Like other topical agents, Dorzoptic Combi Eco can be absorbed systemically. Dorzolamide, like sulfonamides, contains a sulfonamide group, therefore, the development of adverse reactions observed with systemic use of sulfonamide drugs is possible, including such severe reactions as Stevens-Johnson syndrome and toxic epidermal necrolysis. If signs of serious reactions or hypersensitivity reactions appear, the drug should be discontinued.
When using Dorzoptic Combi Eco, local adverse reactions from the organs of vision were observed, similar to those observed with dorzolamide hydrochloride. If such reactions develop, the use of Dorzoptic Combi Eco should be discontinued.
When taking beta-blockers, patients with atopy or a history of severe anaphylactic reactions to multiple allergens may be more sensitive to re-exposure to such allergens and may not respond to treatment of anaphylactic reactions with usual doses of adrenaline.
Concomitant therapy.
The use of dorzolamide and oral carbonic anhydrase inhibitors is not recommended.

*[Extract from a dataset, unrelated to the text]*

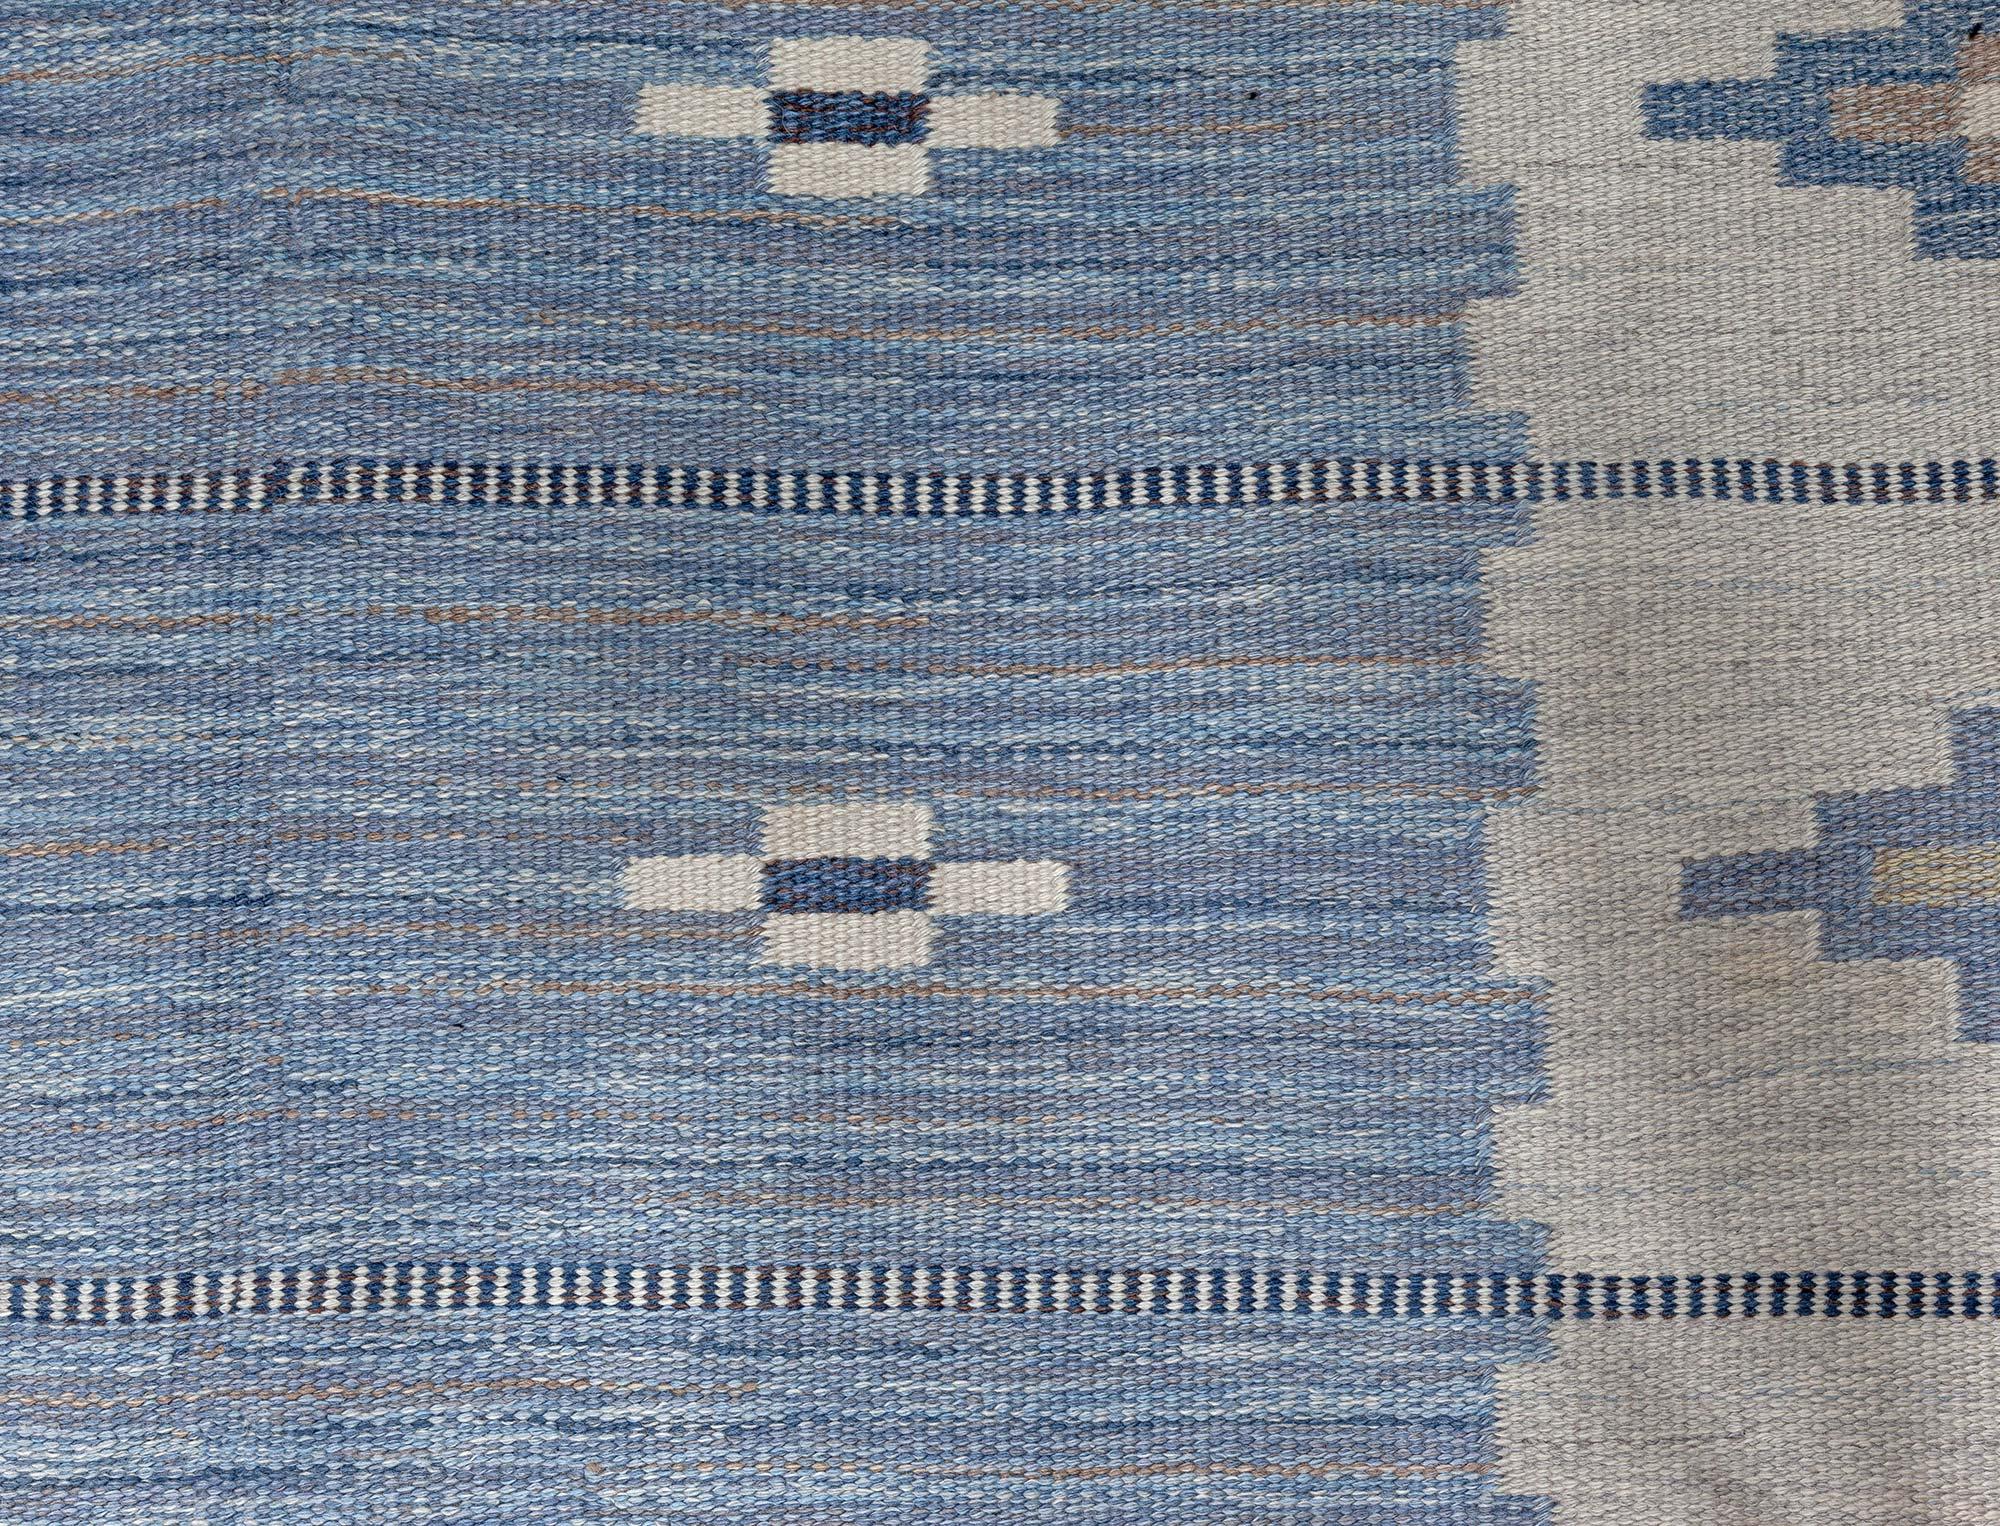 Vintage Swedish blue flat woven rug by Erik Lundberg
Size: 6'5

Discontinuation of treatment.
As with systemic beta-blockers, ophthalmic timolol should be tapered off if discontinuation is necessary in patients with coronary artery disease.
Additional effects of beta-blockers.
Hypoglycemia/diabetes
Beta-blockers should be used with caution in patients prone to spontaneous hypoglycemia and in patients with labile diabetes mellitus, as beta-blockers may mask the symptoms of acute hypoglycemia.
Beta-blockers may also mask the signs of hyperthyroidism. Abrupt discontinuation of beta-blockers may result in worsening of symptoms.
Corneal diseases
Ophthalmic beta-blockers may cause dry eyes. Patients with corneal diseases should be treated with caution.
Anesthesia for surgery
Ophthalmic beta-blockers may block the systemic effects of beta-agonists, such as adrenaline. The anaesthetist should be informed that the patient is receiving timolol.
Treatment with beta-blockers may exacerbate symptoms of myasthenia gravis.
Additional effects of carbonic anhydrase inhibition.
Treatment with oral carbonic anhydrase inhibitors has been associated with the development of urolithiasis as a result of acid-base disturbances, especially in patients with a history of urolithiasis. Although acid-base disturbances have not been observed with Dorzoptic Combi Eco, urolithiasis has been reported rarely. Since Dorzoptic Combi Eco contains a carbonic anhydrase inhibitor that is absorbed systemically when applied topically, patients with a history of urolithiasis are at increased risk of urolithiasis when using this medicinal product.
Other features.
Treatment of patients with acute angle-closure glaucoma requires the use of other therapeutic agents in addition to drugs that lower intraocular pressure. This medicinal product has not been studied in patients with acute angle-closure glaucoma.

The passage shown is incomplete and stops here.